While non-GAAP operating margin loss did improve to -73% during the quarter, the significant expense base makes it difficult to forecast profitability in the near-term. In a market where investors have turned their focus towards more stable, recession-proof companies, fast-growth tech companies with “uncontrolled” expenses creates an unfavorable sentiment headwind.
So what’s driving this significant growth? For starters, the company grew their total customer count by >55% yoy to 7,450 total customers. More specifically, SentinelOne has done a great job penetrating their larger customer base, with 591 customers generating >$100k of annual recurring revenue at the end of Q1, up from 277 customers in the year-ago period, representing 113% yoy growth.
The company has talked about their success winning with larger enterprises, strategic channel partners, and seeing customers increase module adoption.
We secured a number of marquee customer wins during the quarter, including a large federal agency, a mission critical communication enterprise, one of the most iconic news and media brands in the world, and several high profile cloud security footprints. Our total customer count grew by more than 55% year-over-year, exceeding 7,450 in our fiscal first quarter, as we continued to secure both large enterprises and medium-sized businesses.
For Q2, the company is expecting revenue of $95-96 million, which reflects 107-110% yoy growth and is quite impressive. However, non-GAAP operating margins are expected to remain around negative -73-75%, similar to Q1.
For the full-year 2023, revenue is expected to be $403-407 million, or 97-99% yoy growth. While this does mean revenue growth is expected to decelerate throughout the year, it’s difficult to argue that doubling revenue in one year is a bad result.
However, non-GAAP operating margins are expected to be negative -55-60%, which does mean the company expects profitability to improve in Q3 and Q4. Yes, increased scale does help the company’s operating expense base, but even at these levels, the company is right around the coveted rule of 40 level.
Even with the stock pulling back almost 50% so far this year, valuation is not quite at the point where it’s viewed as attractive. Over the past several months, we have seen many fast-growth companies with high valuations pullback, and SentinelOne has not been immune.
Data by YCharts
The company has a current market cap of $7.0 billion and with net cash of $1.6 billion, enterprise value current sits at ~$5.4 billion.
Using the company 2023 revenue guidance of $403-407 million, this implies a 2023 revenue multiple just over 13x. To extrapolate that a little further, if revenue were to double again in 2024, which seems pretty bullish, we could see 2024 revenue of ~$800 million, implying a 2024 revenue multiple of under 7x.
While 7x revenue may not screen as aggressive relative to other fast-growth technology companies, let’s not forget that SentinelOne is many quarters (if not years) away from achieving breakeven profitability. Even for companies with 20%+ revenue growth and 20%+ margins, a 6x revenue multiple is still a little aggressive.
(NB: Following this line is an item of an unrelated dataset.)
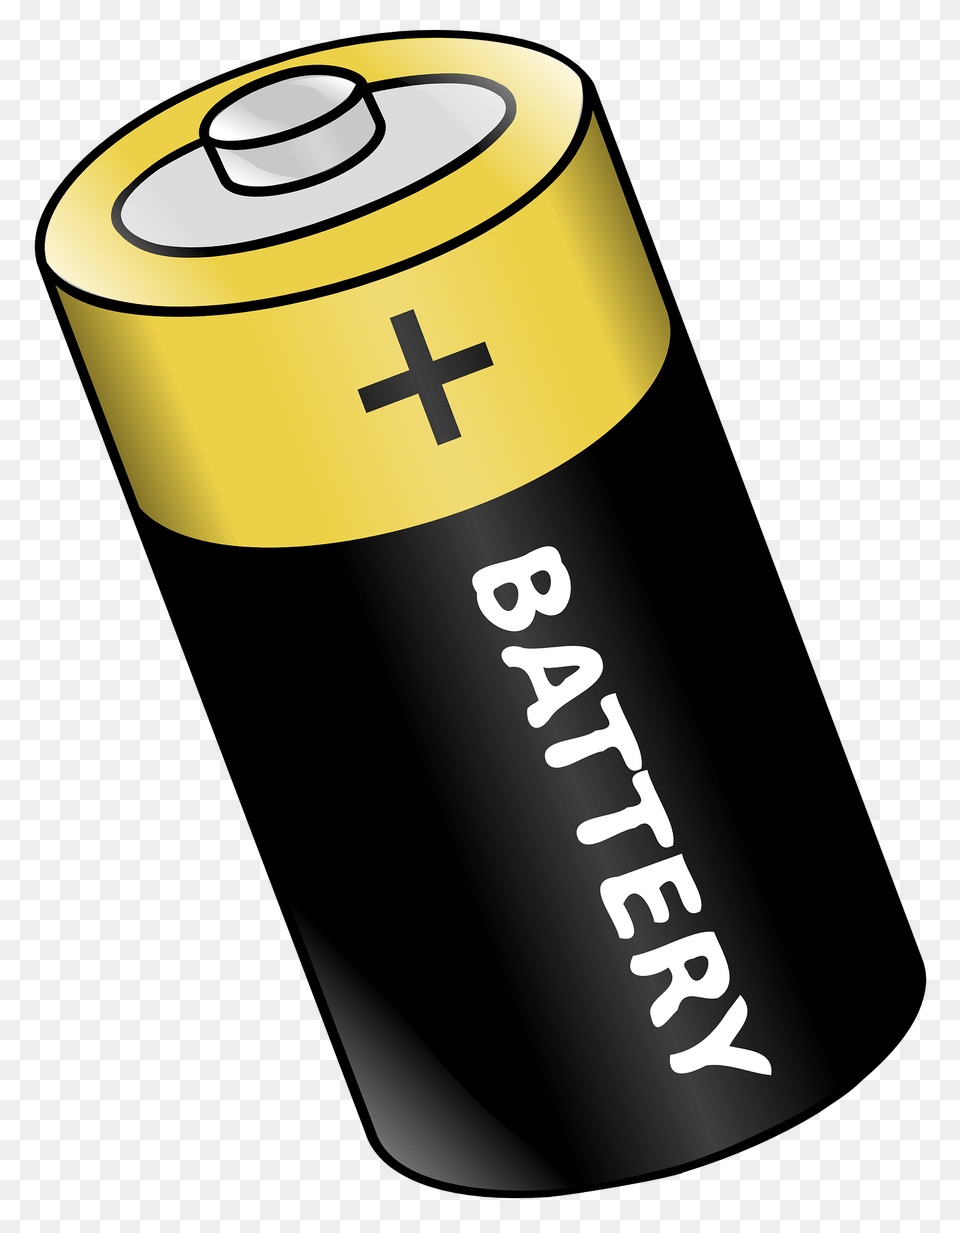 Pngpix Com Battery Image, Weapon, Bottle, Shaker Free Png

Yes, the backdrop of IT security spending remains very healthy, with management recently noting a positive macro environment.
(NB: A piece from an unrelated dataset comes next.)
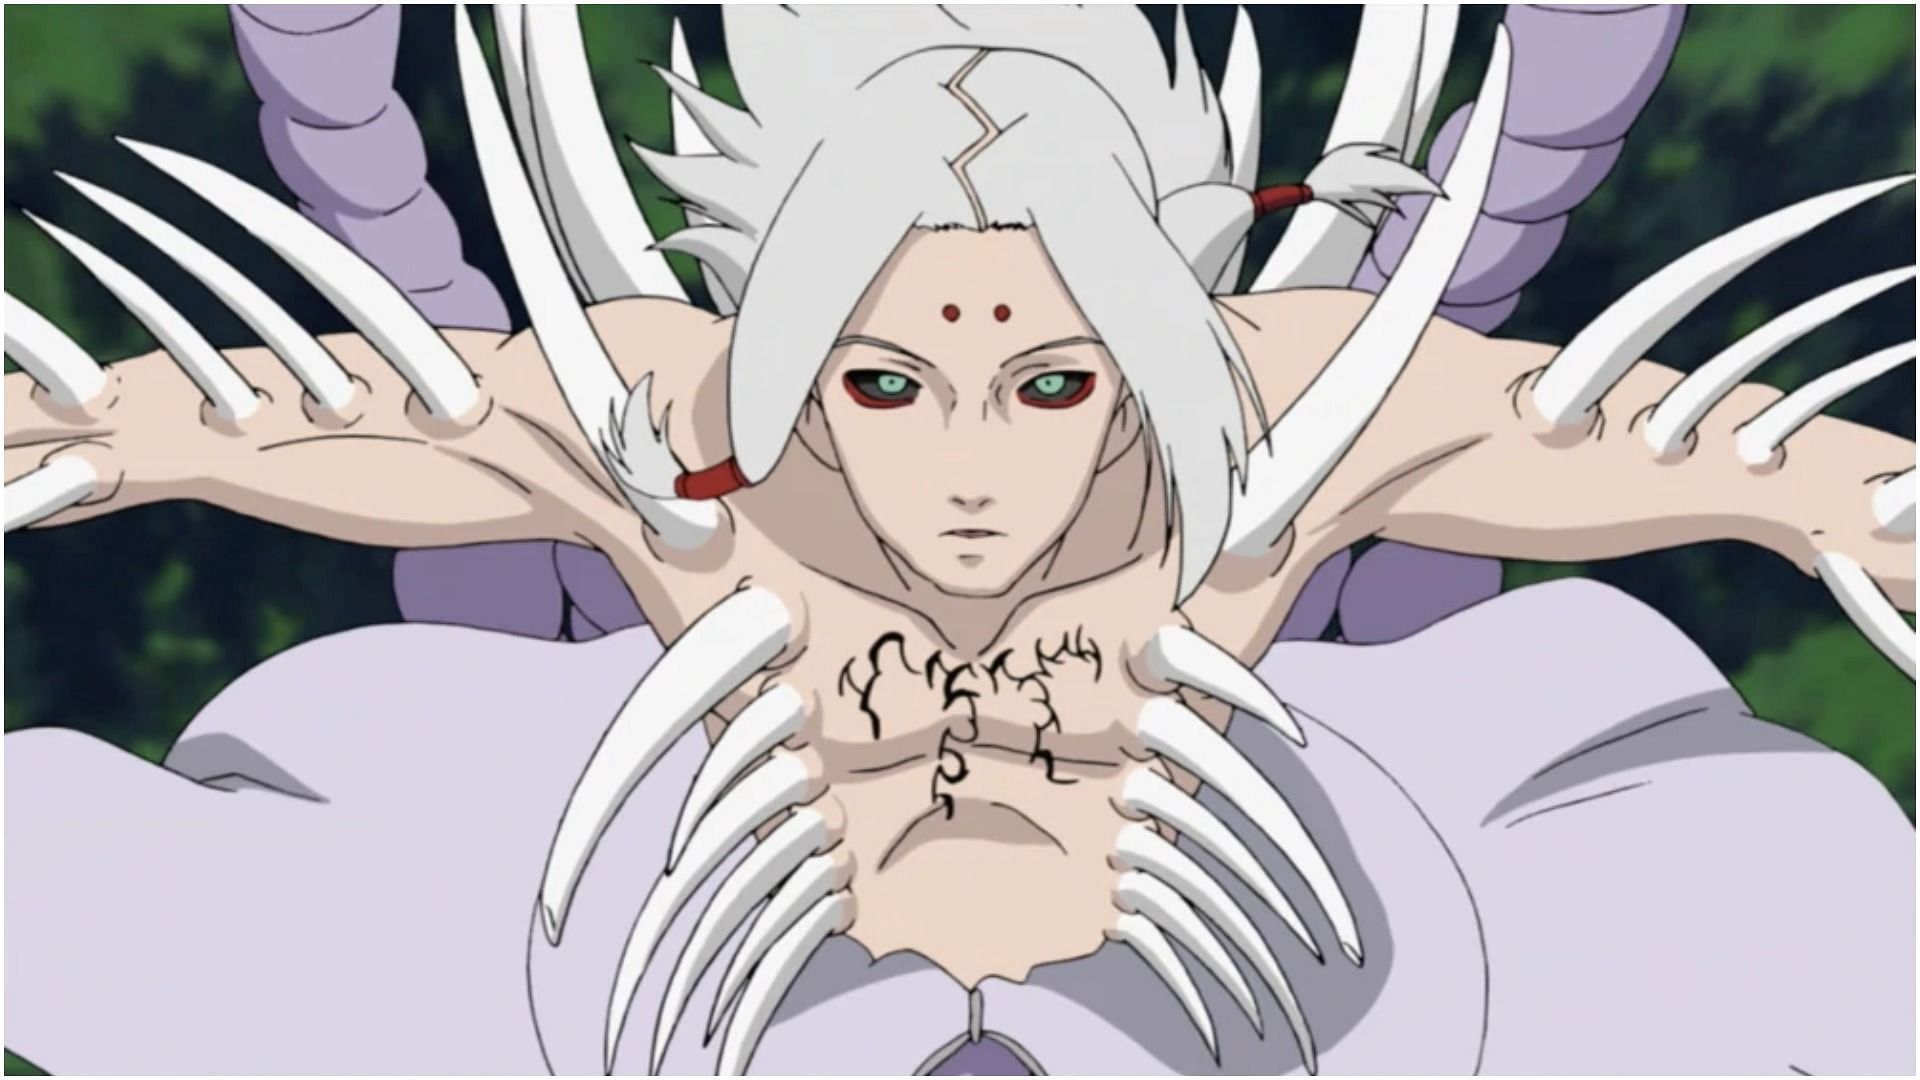 Kimimaro as seen in the anime Naruto (Image via Studio Pierrot)

Cyber security is a top priority for enterprise IT spending – a must-buy for the modern enterprise. The persistence of geopolitical tensions and potential for cyberwarfare is a concern shared by all of us. Risks and consequences of not being protected by a leading security solution are just too high. We’re encouraged by the broad-based demand across geographies, products, and customers. We delivered healthy growth across all geographies, including in EMEA – a testament to the resilience and durability of cybersecurity during all economic conditions.
However, valuation remains the biggest risk factor and until the company is able to significantly improve their profitability, and possibly clean up their stock-based compensation payments, I remain sidelined on this name.